You guys are leaving out The Rolling Stones.  Gotta give them points for longevity when they should all be dead.


----------



## Guest (Nov 30, 2008)

Gertie: I like the Stones. Saw the _Steel Wheels_ tour. But they definitely aren't amongst my faves.


----------



## Gertie Kindle (Nov 6, 2008)

Bacardi Jim said:


> Gertie: I like the Stones. Saw the _Steel Wheels_ tour. But they definitely aren't amongst my faves.


Yes, I saw the Steel Wheels tour, too when they were in Orlando.


----------



## Angela (Nov 2, 2008)

Growing up a very sheltered girl in the piney woods of NE Texas, there were no concerts in my early years... I did, however attend the Louisiana Hayride with my parents as a child and saw Marty Robbins, Lefty Frizell (sp?), Little Jimmy Dickens and a bunch of country/western/blue grass artists.  By the time I was old enough to go on my own, I had small children and couldn't afford tickets.

I have seen in concert: Kiss, ELO, Foghat, Styx, Headeast, REO Speedwagon, Barry Manilow (with DD, she loves Barry), NKOTB (again with DD when she was in high school), Mel Tillis and Dr. Hook & the Medicine Show! I had to rely on my albums and 8-tracks to enjoy my favorite bands.


----------



## Guest (Nov 30, 2008)

Angela, I absolutely love Styx. I have seen them 5 times (twice with Dennis DeYoung). Last summer Jim and I even saw Shaw/Blades in a very small venue (no it did not make them look larger......lol).


----------



## Guest (Nov 30, 2008)

And I've seen them only 3 times.


----------



## Angela (Nov 2, 2008)

LuckyRainbow said:


> Angela, I absolutely love Styx. I have seen them 5 times (twice with Dennis DeYoung). Last summer Jim and I even saw Shaw/Blades in a very small venue (no it did not make them look larger......lol).

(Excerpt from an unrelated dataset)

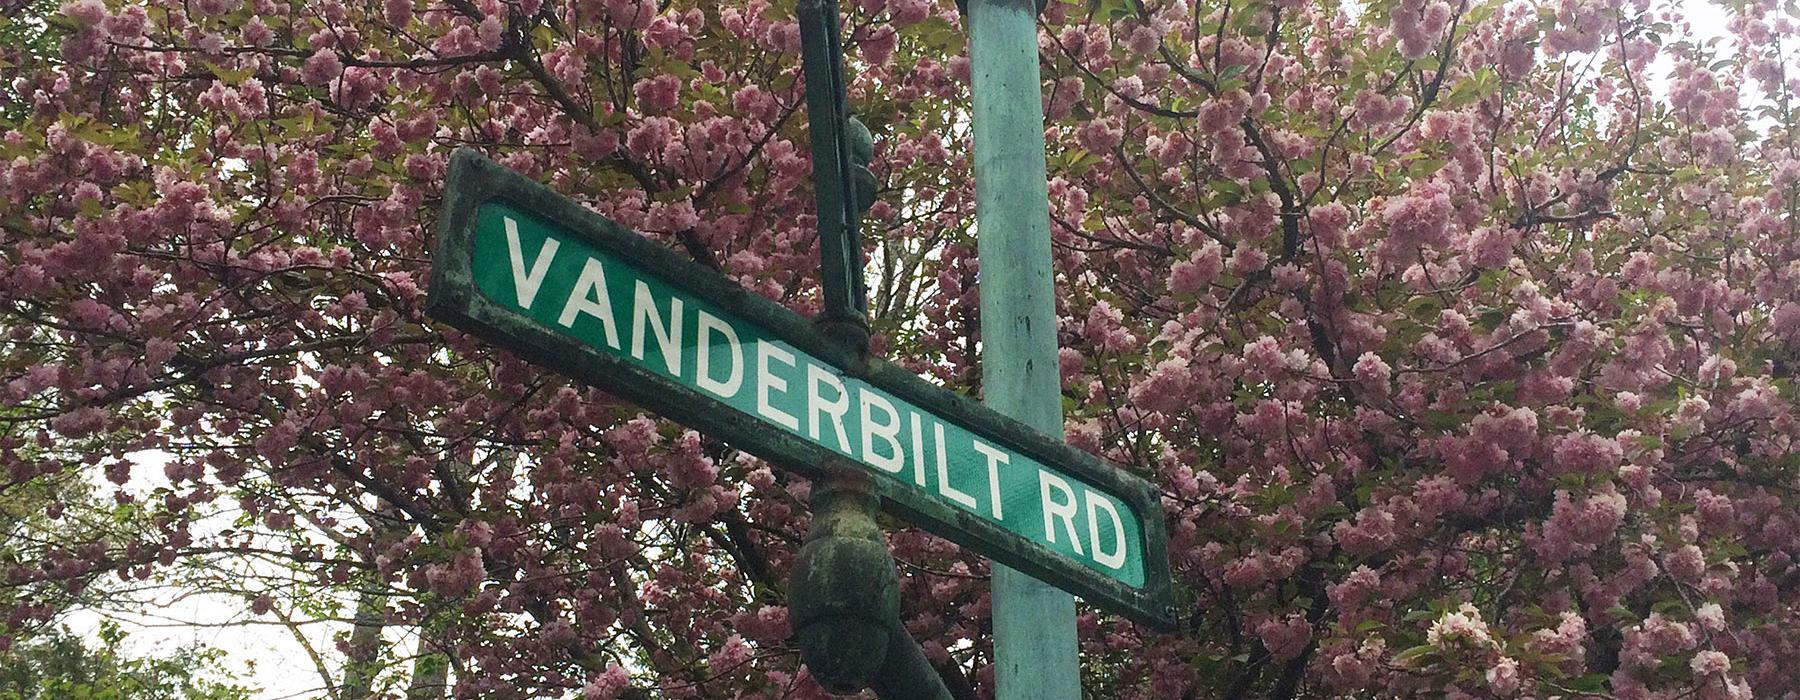 Vanderbilt Lamp post

The first time I saw Styx, I was practically on the stage... Dennis sang "Lady" to me. I thought I had died and gone to heaven!! I still have the guitar pick he gave me!


----------



## Guest (Nov 30, 2008)

Remember, folks. Angela was *not* a "groupie," but a "Band Aid."


----------



## Gertie Kindle (Nov 6, 2008)

Once you accept a guitar pick, you're marked for life.


----------



## Guest (Nov 30, 2008)

gertiekindle said:


> Once you accept a guitar pick, you're marked for life.


Only if it's really, _really_ sharp.


----------



## tessa (Nov 1, 2008)

anybody go to  Woodstock?


----------



## Gertie Kindle (Nov 6, 2008)

Bacardi Jim said:


> Only if it's really, _really_ sharp.


Gotta give you a _groan _for that one.


----------



## Guest (Nov 30, 2008)

tessa said:


> anybody go to Woodstock?


Afraid I'm not _that_ old. Only 8 at the time.


----------



## Angela (Nov 2, 2008)

gertiekindle said:


> Once you accept a guitar pick, you're marked for life.

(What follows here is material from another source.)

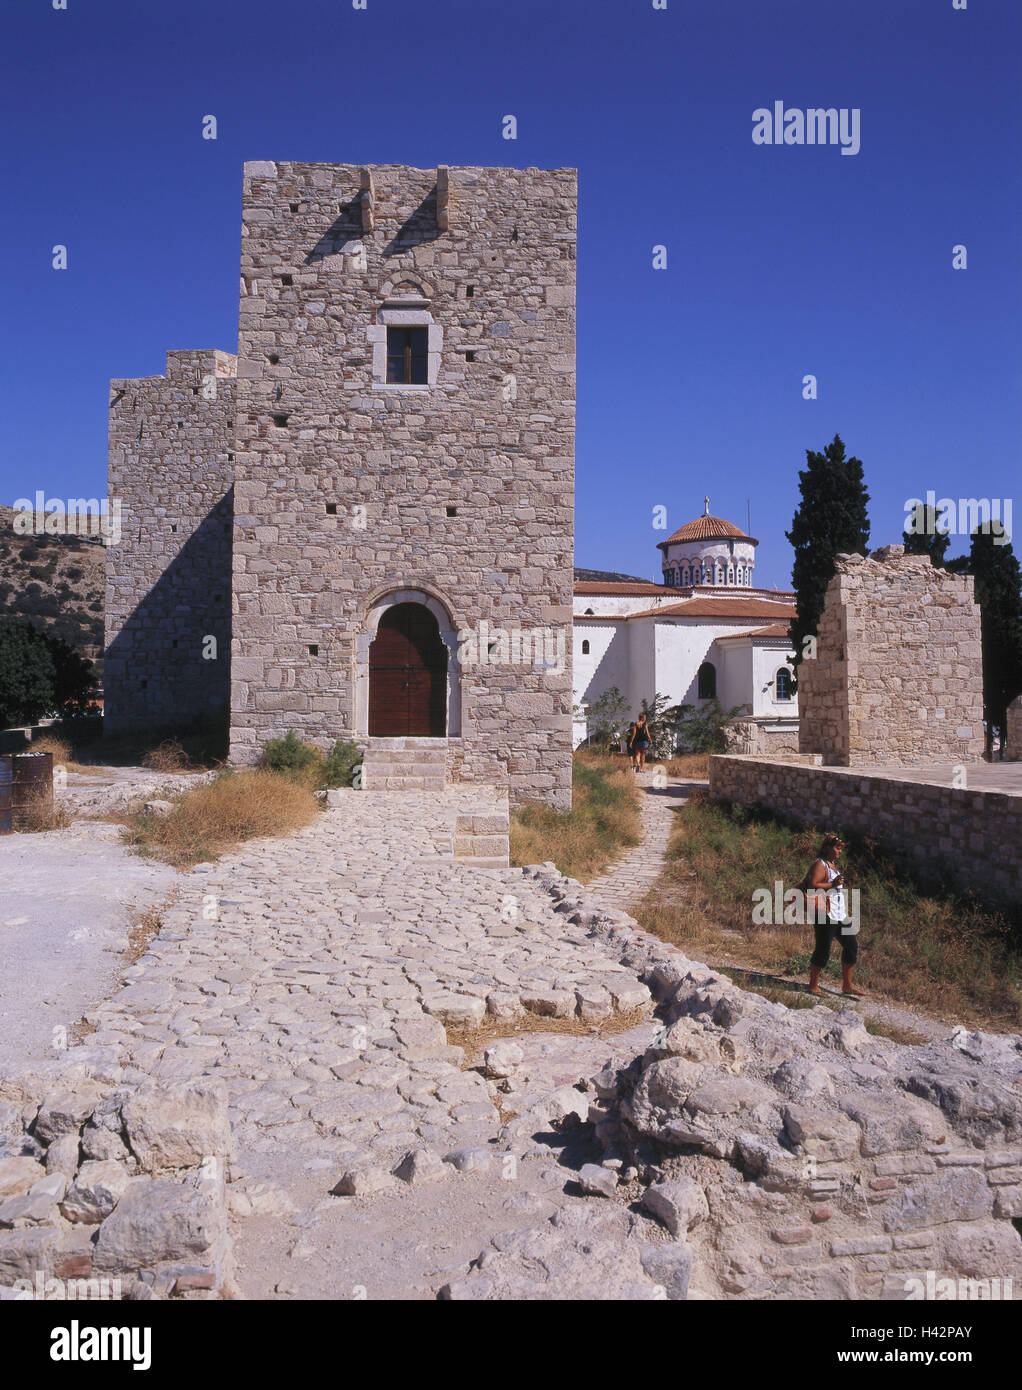 Greece, island Samos, Pythagorion, castle Logothetis, tourist, Mediterranean island, castle, castle grounds, structure, Stock Photo

I also have a drumstick from Bev Bevan, drummer of ELO... the next year I caught his tamborine, but this big oaf fought me for it and I decided he wanted more than I did so I let go and let him fall on his butt!


----------



## Angela (Nov 2, 2008)

tessa said:



> anybody go to Woodstock?


I wasn't old enough! BUT, that was and still is my favorite era for music!


----------



## Guest (Nov 30, 2008)

Angela said:


> I also have a drumstick from Bev Bevan, drummer of ELO... the next year I caught his tamborine, but this big oaf fought me for it and I decided he wanted more than I did so I let go and let him fall on his butt!


I'm suddenly remembering a Letterman "Brush With Greatness" where a woman told the story of Jeff Lynne stepping on her foot in an elevator.


----------



## Guest (Nov 30, 2008)

Gene Simmons once managed to get me fired.

And I spent a weekend partying with REO.


----------



## Angela (Nov 2, 2008)

Bacardi Jim said:


> Gene Simmons once managed to get me fired.
> 
> And I spent a weekend partying with REO.


I could go on too, having worked special events for a radio station in Houston, but they are just people... some are nice, some are jerks but it was fun while it lasted!


----------



## Guest (Nov 30, 2008)

I only met some as a fan. Kevin Cronin was nice. John Kay was _really_ nice. Gene Simmons was an *******. Jason Bonham was nice-but-drunk. (You'd think he'd have learned something after the way his dad died.) Steve Perry was nice but weird, while Neal Schon was polite but businesslike. Dio was a jerk, though he had nothing on Simmons.

YMMV.


----------



## Guest (Nov 30, 2008)

The Rain Song
Expect a bit of d/l-buffering time, it's a long song.


----------



## Guest (Nov 30, 2008)

Ahhhhhhhhhhhh.............. Weep into your Starbucks, mere mortals.  You'll never be that good.


----------



## Guest (Dec 1, 2008)

Bacardi Jim said:


> I've seen The Who twice. Along with The Beatles, LZ, Rush and Triumph, they are part of my Great Pentacle of Power.


OH! I forgot Pink Floyd. And Yes. I guess it's a Heptagon of Power.


----------



## Guest (Dec 3, 2008)

Those who missed out, missed out.

Here's the _Magnum Opus_ from Triumph:

Blinding Light Show


----------



## Guest (Dec 6, 2008)

So I'm listening to XM Deep Tracks here at work, and an instrumental song comes on that I'd never heard before.  "HEY!" I say to the racks of wine bottles.  "That sounds like Eric Johnson!"

The bottles did not deign to reply.

I wander over to the receiver and read that the song is entitled "The Milky Way Home" by some guy named Sonny Landreth.  Never heard of him.  "But..." I begin, until I see the wine bottles are pointedly ignoring me, "...I'm sure that was Eric Johnson on guitar.  I KNOW that sound," I continue in my head.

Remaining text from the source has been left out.